The Texas A&M Forest Service says both healthy and weakened trees of all ash species are susceptible to EAB infestation and have no natural resistance to the pest. Most trees die within two to five years of infestation and without proper preventive measures, mortality can be 100% in some areas, so early detection is critical.

“There is no known way to stop the spread of EAB,” Gomez said. “But communities can minimize loss, diversify their tree species, and improve the health and resilience of urban forests.”

The beetle may have first been discovered in North Texas in 2018 by a 10-year-old boy from Tarrant County who took a photo of the insect because he thought it looked “really weird.” The boy uploaded the photo to an online database for naturalists, where scientists from other states and countries eventually discovered it and identified it as a possible Asian ash beetle. Experts from the Texas A&M Forest Service were notified and investigated the boy's findings. The EAB was first discovered in Texas in 2016 in Harrison County (between Longview, TX and Shreveport, LA).

WHAT IS AN EMERALD ASH BORER?

The Asian ash beetle is a small beetle, green in color and smaller than a penny.

The beetle bores into the bark of the tree and lays eggs. The larvae feed on water-conducting tissue and eventually kill the tree.

According to officials, the insect has been detected in more than half of the United States and has killed millions of ash trees.

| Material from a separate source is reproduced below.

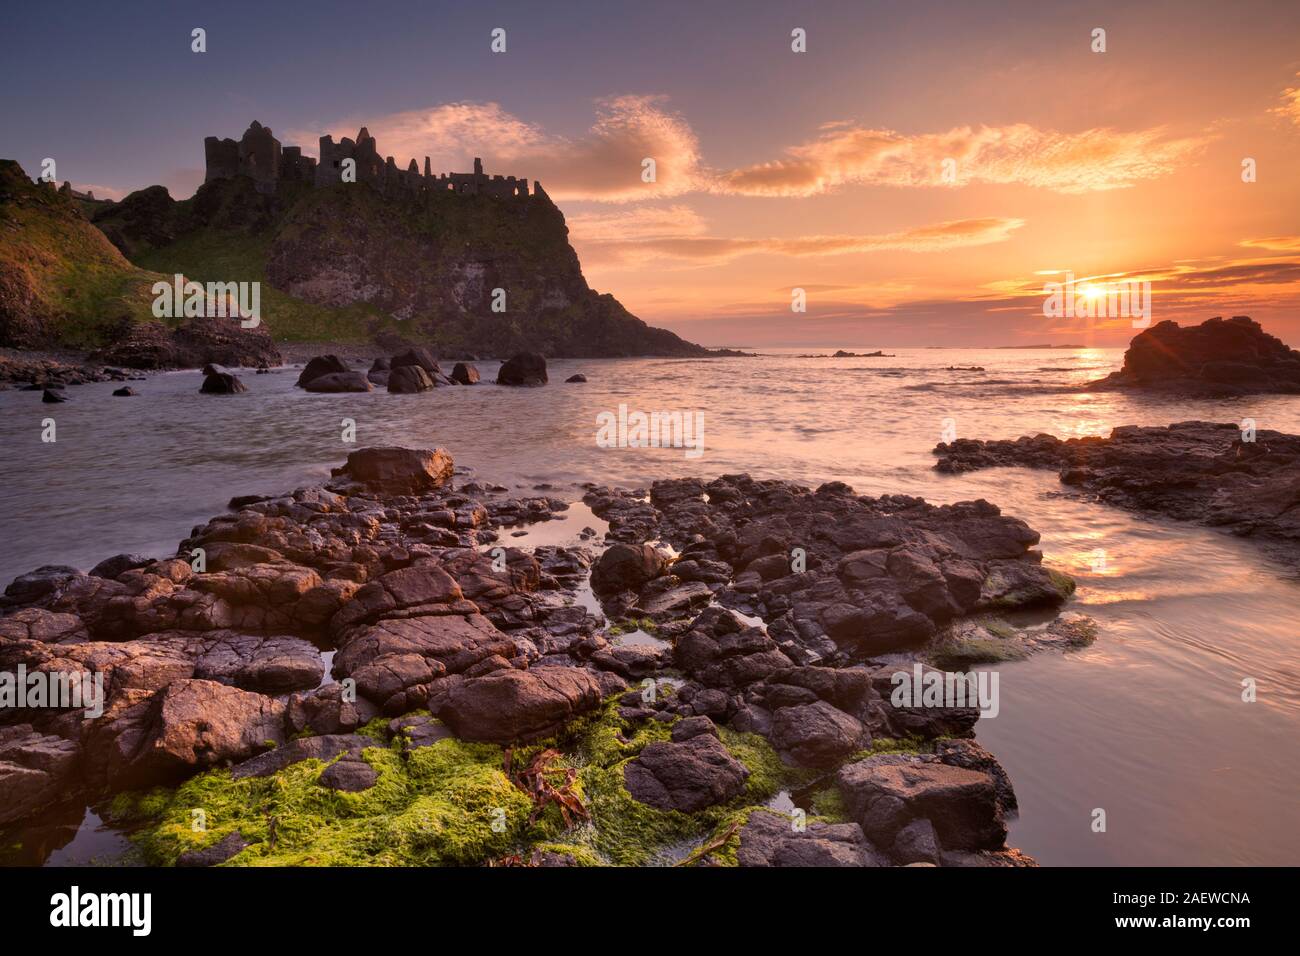 The ruins of the Dunluce Castle on the Causeway Coast of Northern Ireland. Photographed at sunset. Stock Photo

“Both healthy and diseased ash trees are susceptible to EAB infestation and can die within two or three years of infestation,” said Allen Smith, regional forest health coordinator for the Texas A&M Forest Service, in an interview with NBC 5 in May 2022. “Ash trees have no natural resistance to the exotic insect. Without proper preventive measures, mortality can be 100% in heavily infested areas, so early detection could improve our chances of controlling the pest.”

Ash trees with low numbers of EAB often show few or no outward symptoms of infestation. However, residents can look for signs of EAB on their ash trees, including dead branches near the tree crown, leaf shoots sprouting from the trunk, bark cracks exposing S-shaped larval tunnels, extensive woodpecker activity, and D-shaped exit holes.

The beetle was first discovered in Michigan, North America, in 2002 and has since spread to over 25 states, destroying millions of ash trees.

To report the Asian ash beetle, please call the EAB hotline at 1-866-322-4512.

Tree-killing Asian ash beetle confirmed in Cooke County.